WHAT IS EXPECTED - Begin at the line containing "5 жовтня стартує" in the data below and go on through the line containing "Resep Ayam Serundeng", repeating each line exactly; include both ends and no other line.

MATERIAL PROVIDED -
........
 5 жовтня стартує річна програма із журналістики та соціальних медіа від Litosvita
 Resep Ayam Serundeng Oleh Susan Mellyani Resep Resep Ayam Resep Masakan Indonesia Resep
........
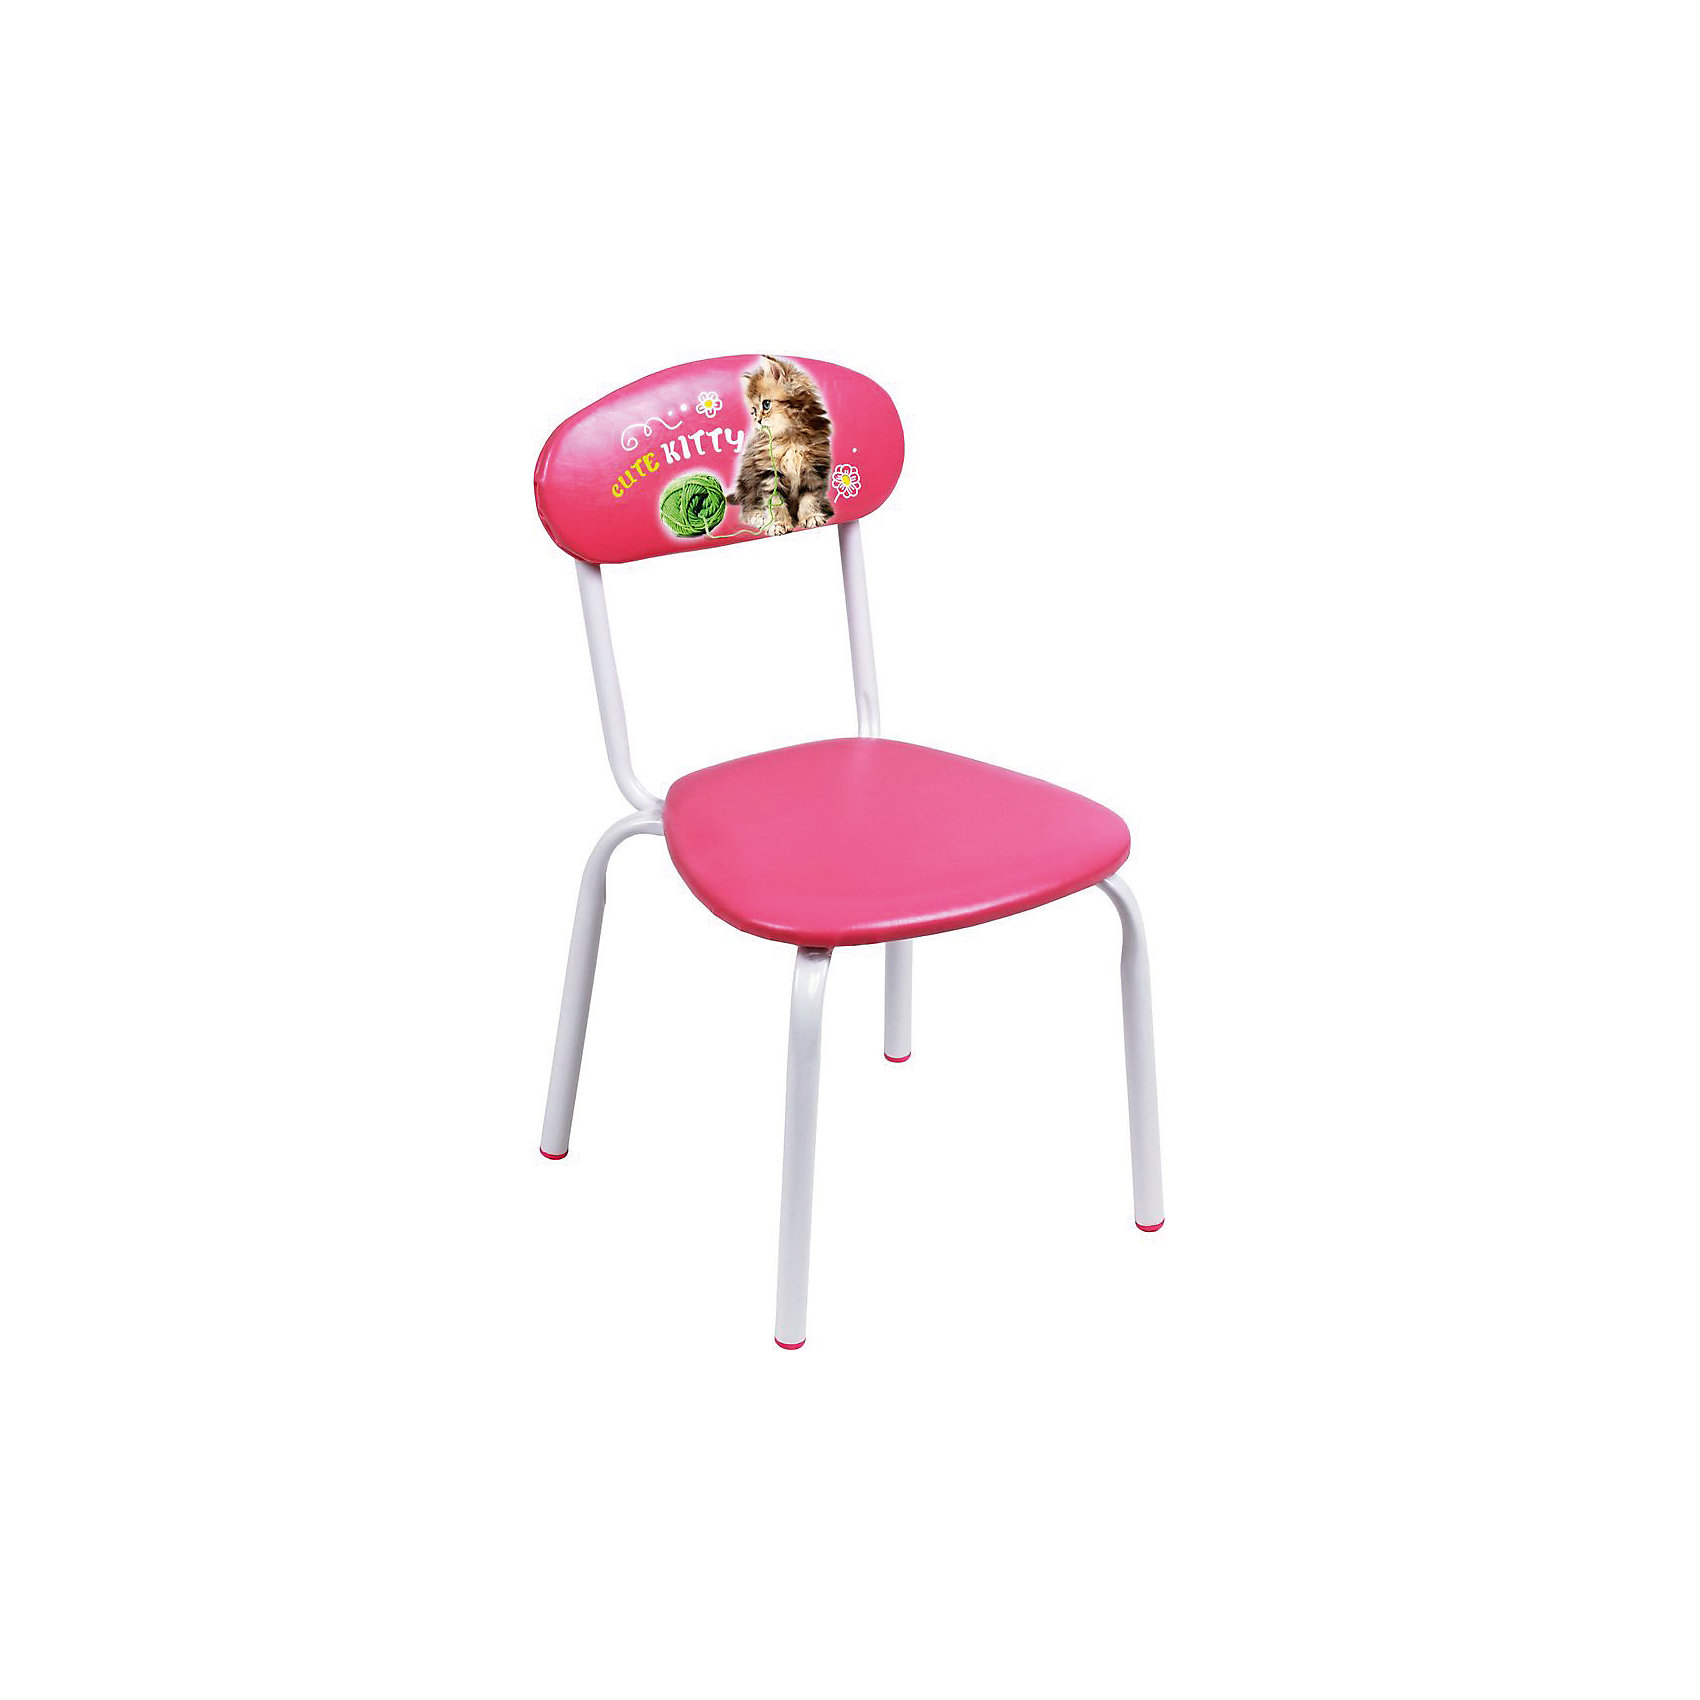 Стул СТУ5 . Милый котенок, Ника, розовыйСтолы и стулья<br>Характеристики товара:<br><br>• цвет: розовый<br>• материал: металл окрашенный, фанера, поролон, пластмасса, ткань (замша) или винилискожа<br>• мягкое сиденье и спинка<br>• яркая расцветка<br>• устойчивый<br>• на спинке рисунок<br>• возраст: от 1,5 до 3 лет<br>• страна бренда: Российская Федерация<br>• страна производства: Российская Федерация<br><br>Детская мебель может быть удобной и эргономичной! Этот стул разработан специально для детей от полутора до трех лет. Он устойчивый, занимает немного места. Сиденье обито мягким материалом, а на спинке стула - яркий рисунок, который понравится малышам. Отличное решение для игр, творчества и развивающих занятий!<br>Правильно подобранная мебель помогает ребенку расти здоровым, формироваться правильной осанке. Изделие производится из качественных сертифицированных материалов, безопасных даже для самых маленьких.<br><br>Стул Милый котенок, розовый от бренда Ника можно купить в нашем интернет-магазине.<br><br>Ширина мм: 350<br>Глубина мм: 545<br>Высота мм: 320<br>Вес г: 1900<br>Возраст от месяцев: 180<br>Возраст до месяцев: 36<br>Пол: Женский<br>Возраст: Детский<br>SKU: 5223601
........
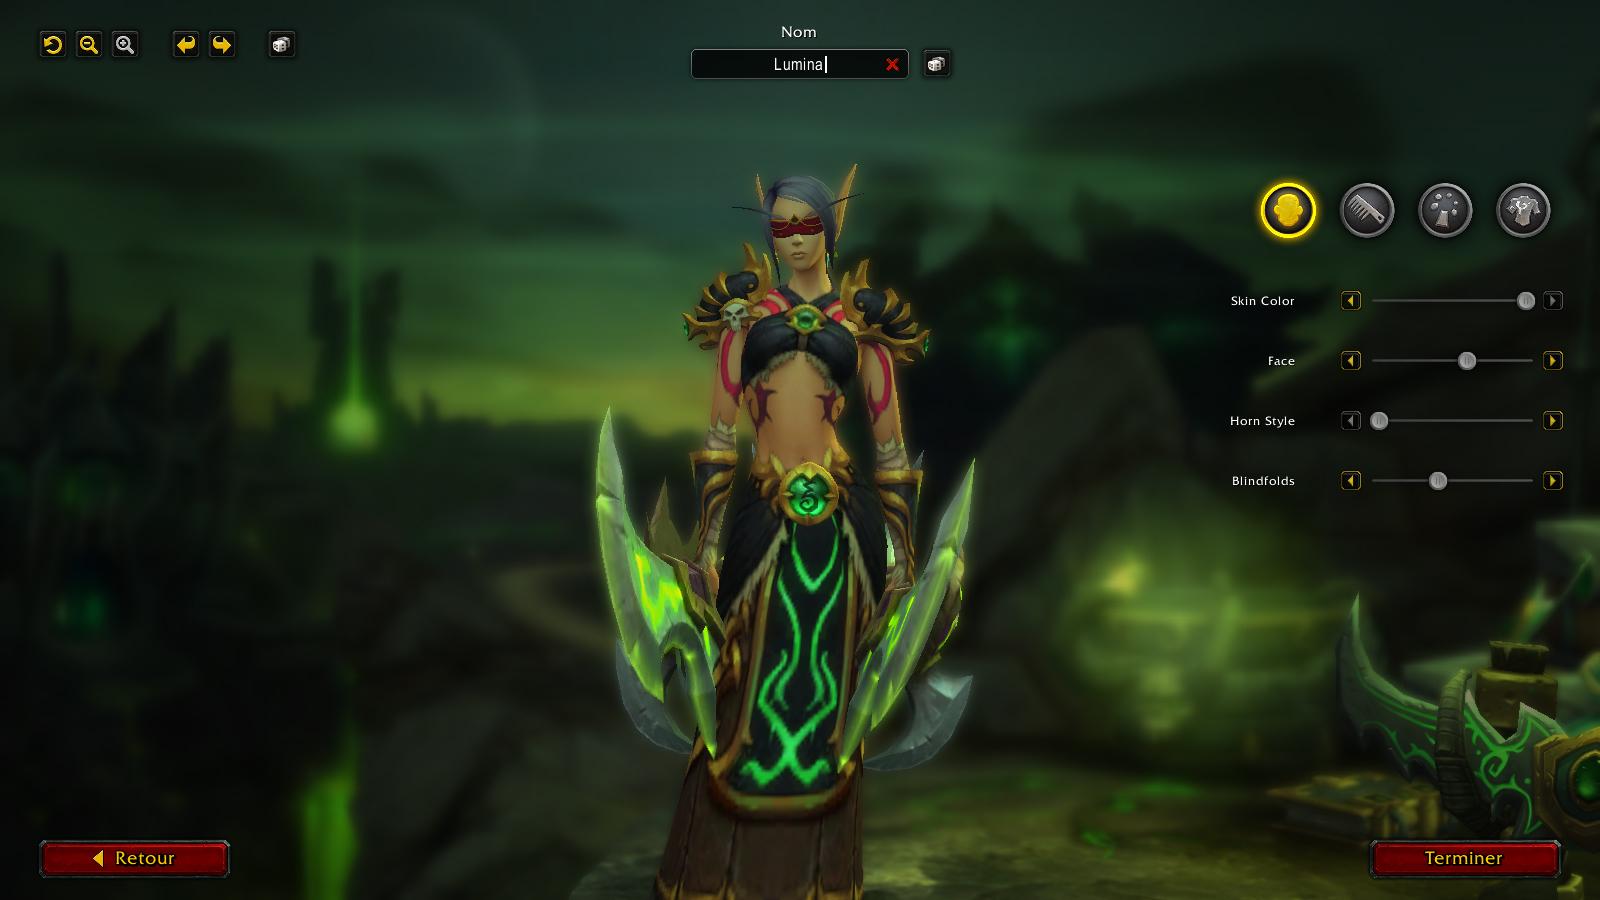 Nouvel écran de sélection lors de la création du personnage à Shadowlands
........
WRITTEN SOLUTION -
 5 жовтня стартує річна програма із журналістики та соціальних медіа від Litosvita
 Resep Ayam Serundeng Oleh Susan Mellyani Resep Resep Ayam Resep Masakan Indonesia Resep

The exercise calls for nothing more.